Dataset excerpts
▽
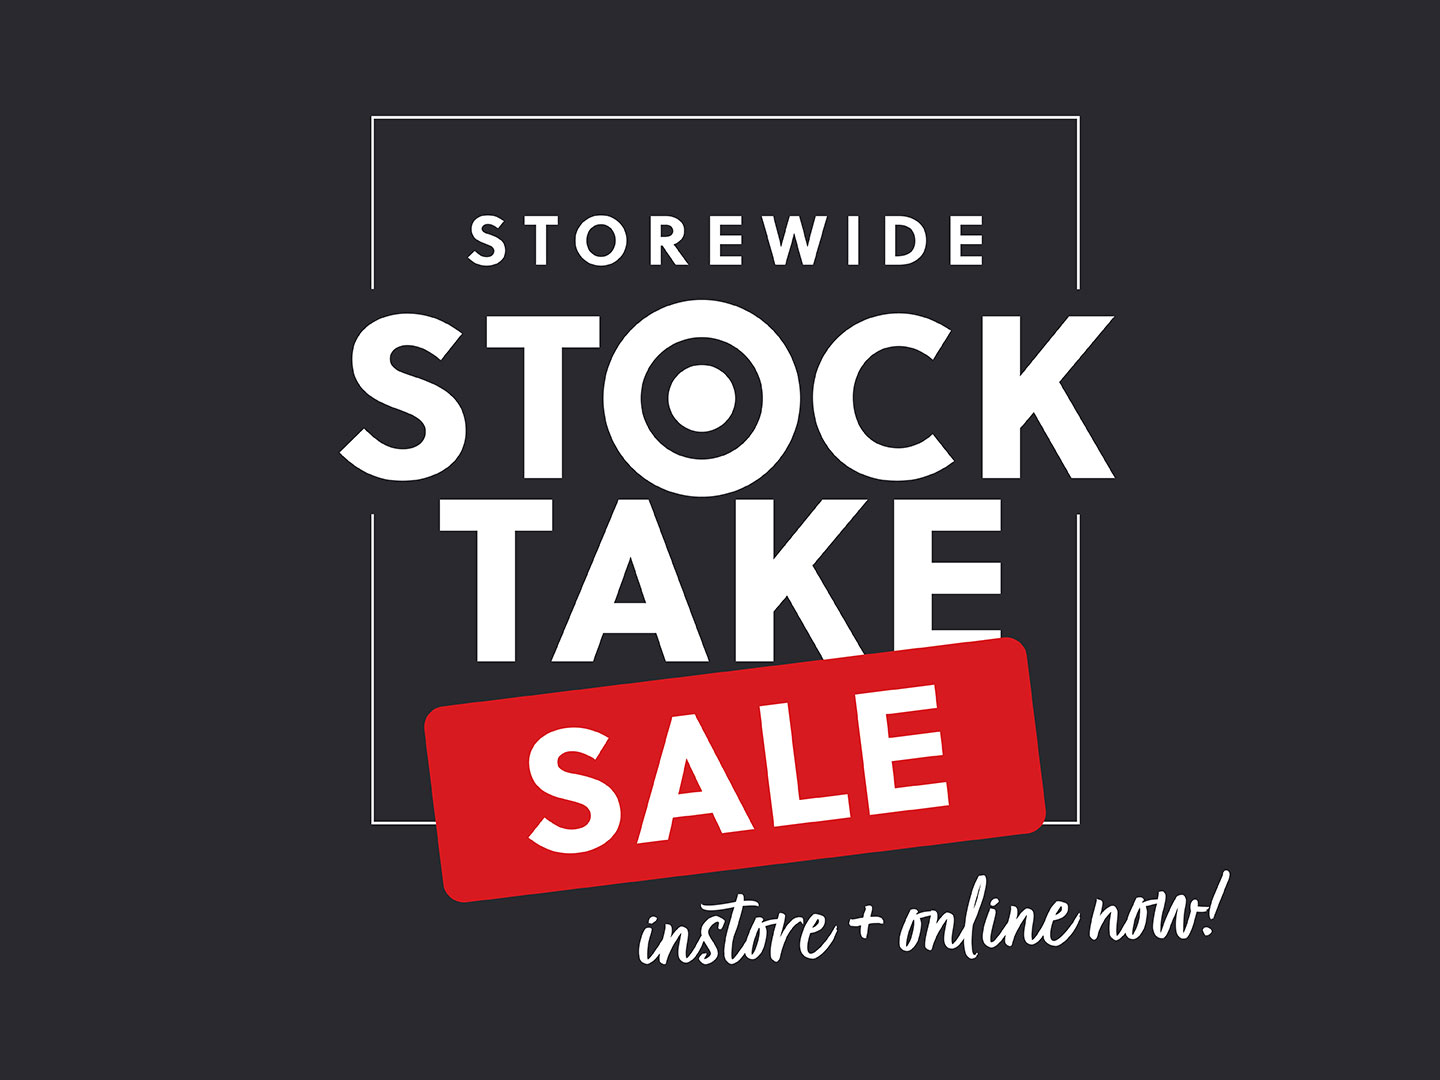 Storewide sale
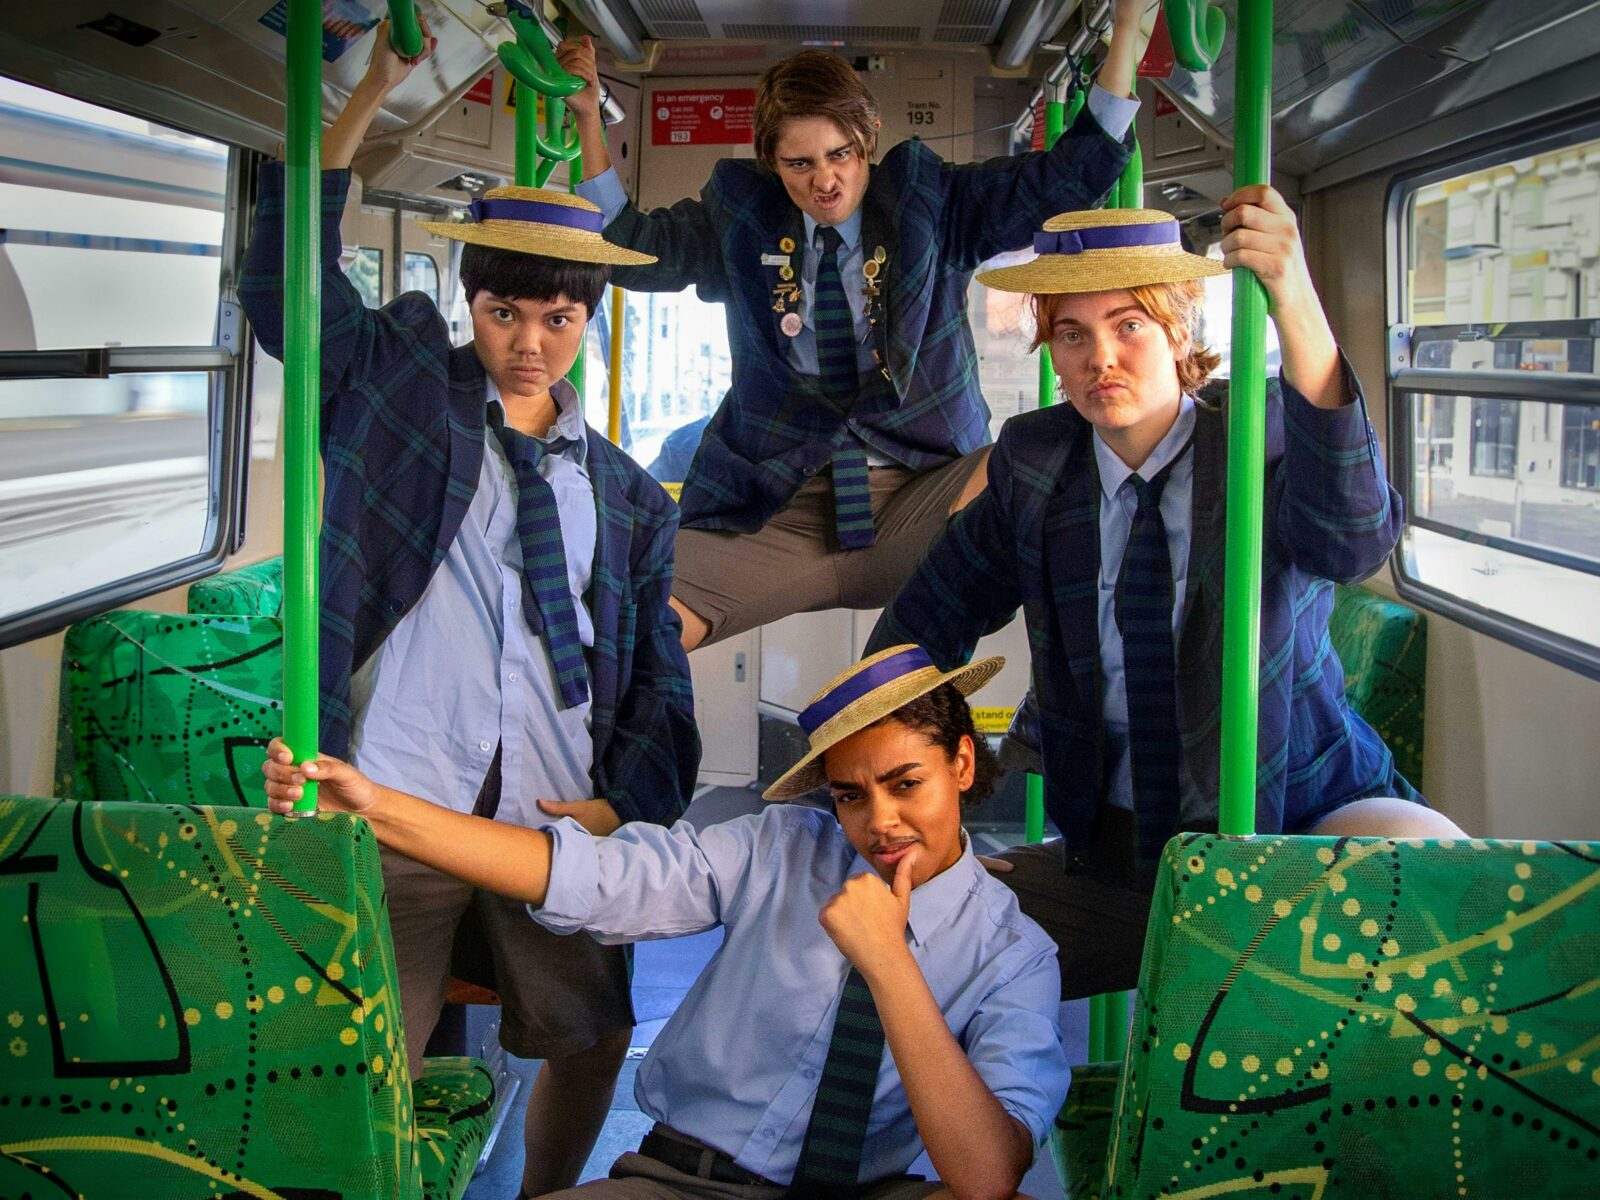 Four figures inside tram posing in school uniforms.
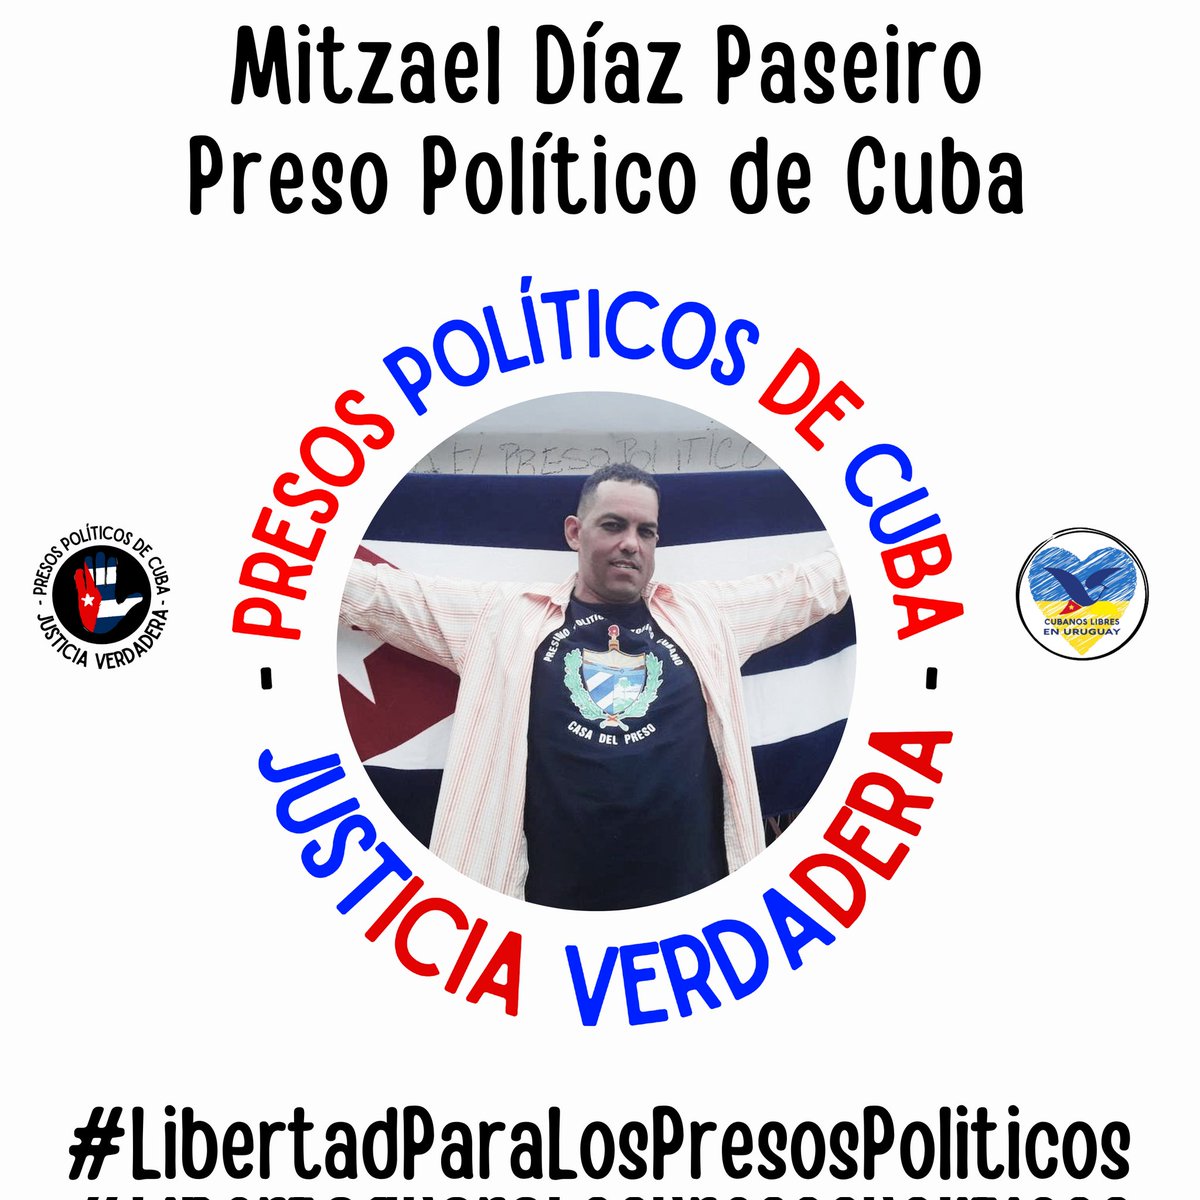 #Twittazo Libertad para Mitzael Díaz Paseiro.
.
“Sin aire, la tierra muere. Sin libertad, como sin aire propio y esencial, nada vive.” -José Martí-
.
.
.
#HastaQueSeanLibres 
#PresosPoliticosDeCuba
#LibertadYjusticiaParaCuba
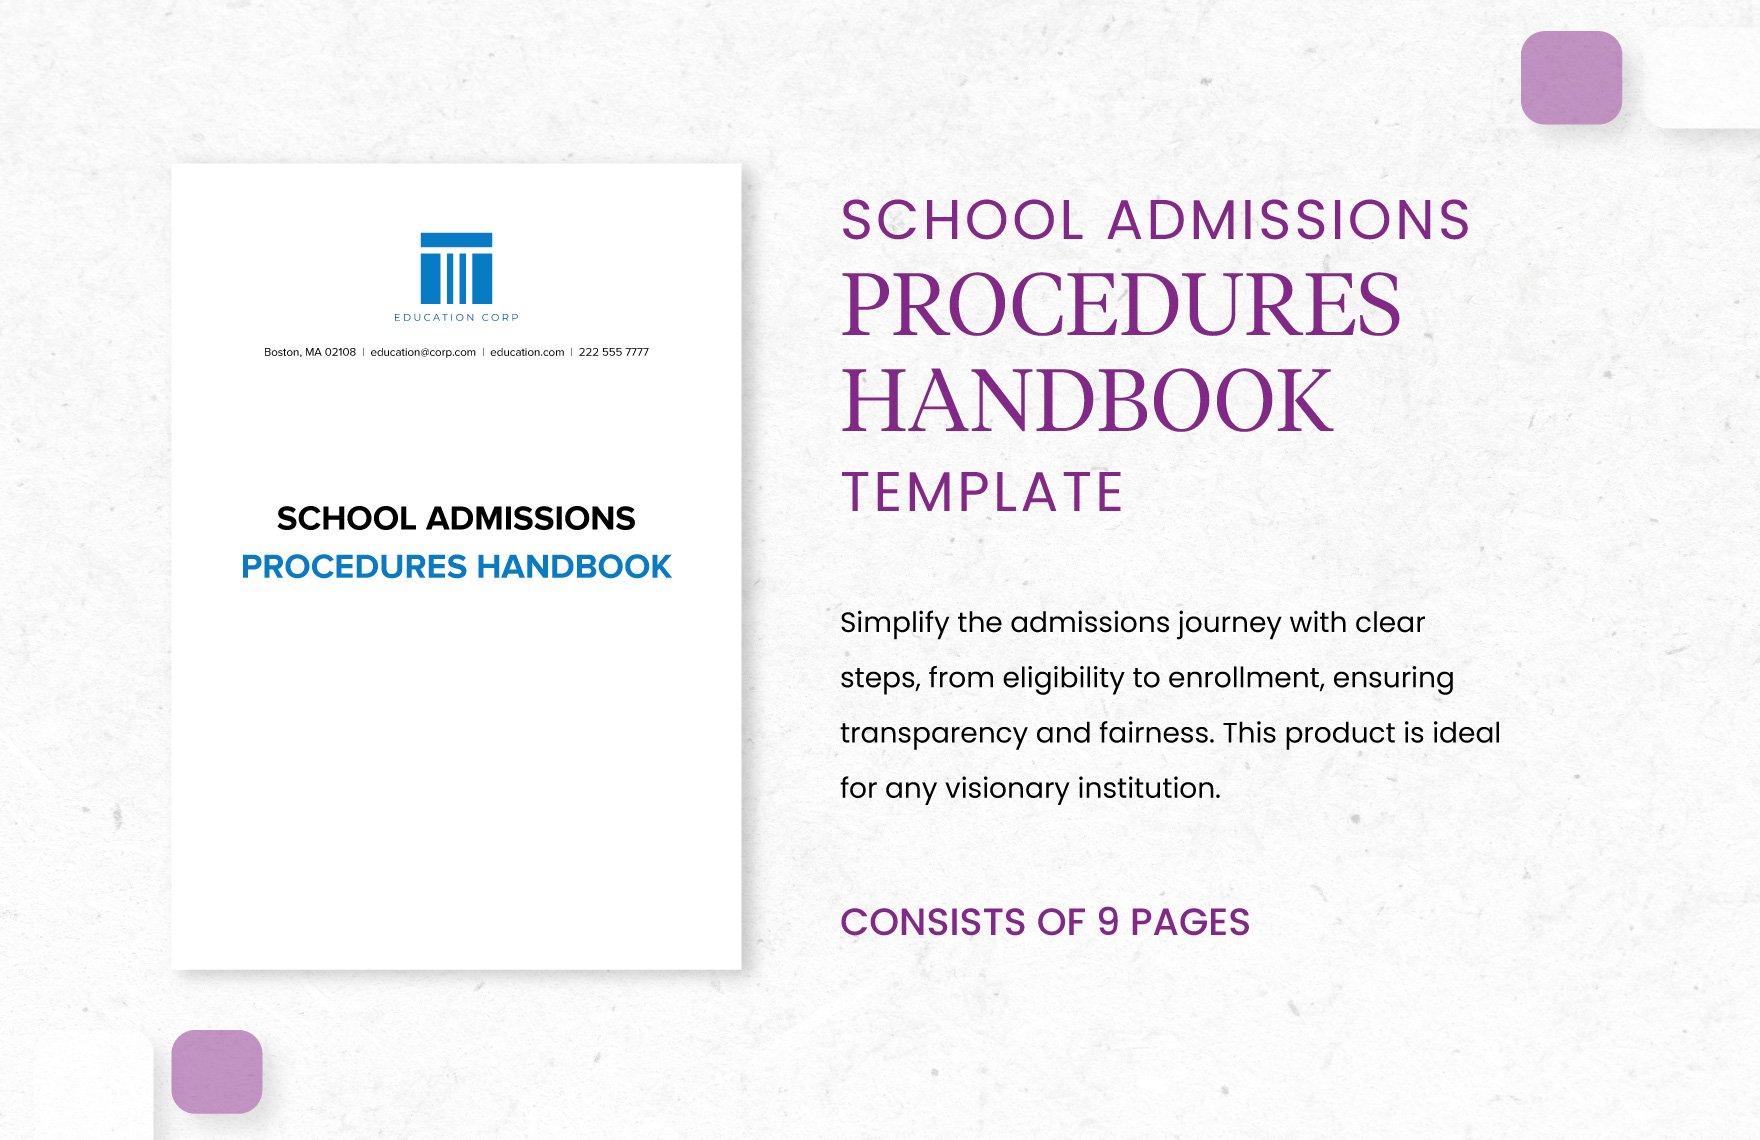 School Admissions Procedures Handbook Template
△
**WHAT THIS TASK INVOLVES**
Copy every line of the data word for word, omitting the images.

**EXERCISE OUTPUT**
 Storewide sale
 Four figures inside tram posing in school uniforms.
 #Twittazo Libertad para Mitzael Díaz Paseiro.
.
“Sin aire, la tierra muere. Sin libertad, como sin aire propio y esencial, nada vive.” -José Martí-
.
.
.
#HastaQueSeanLibres 
#PresosPoliticosDeCuba
#LibertadYjusticiaParaCuba
 School Admissions Procedures Handbook Template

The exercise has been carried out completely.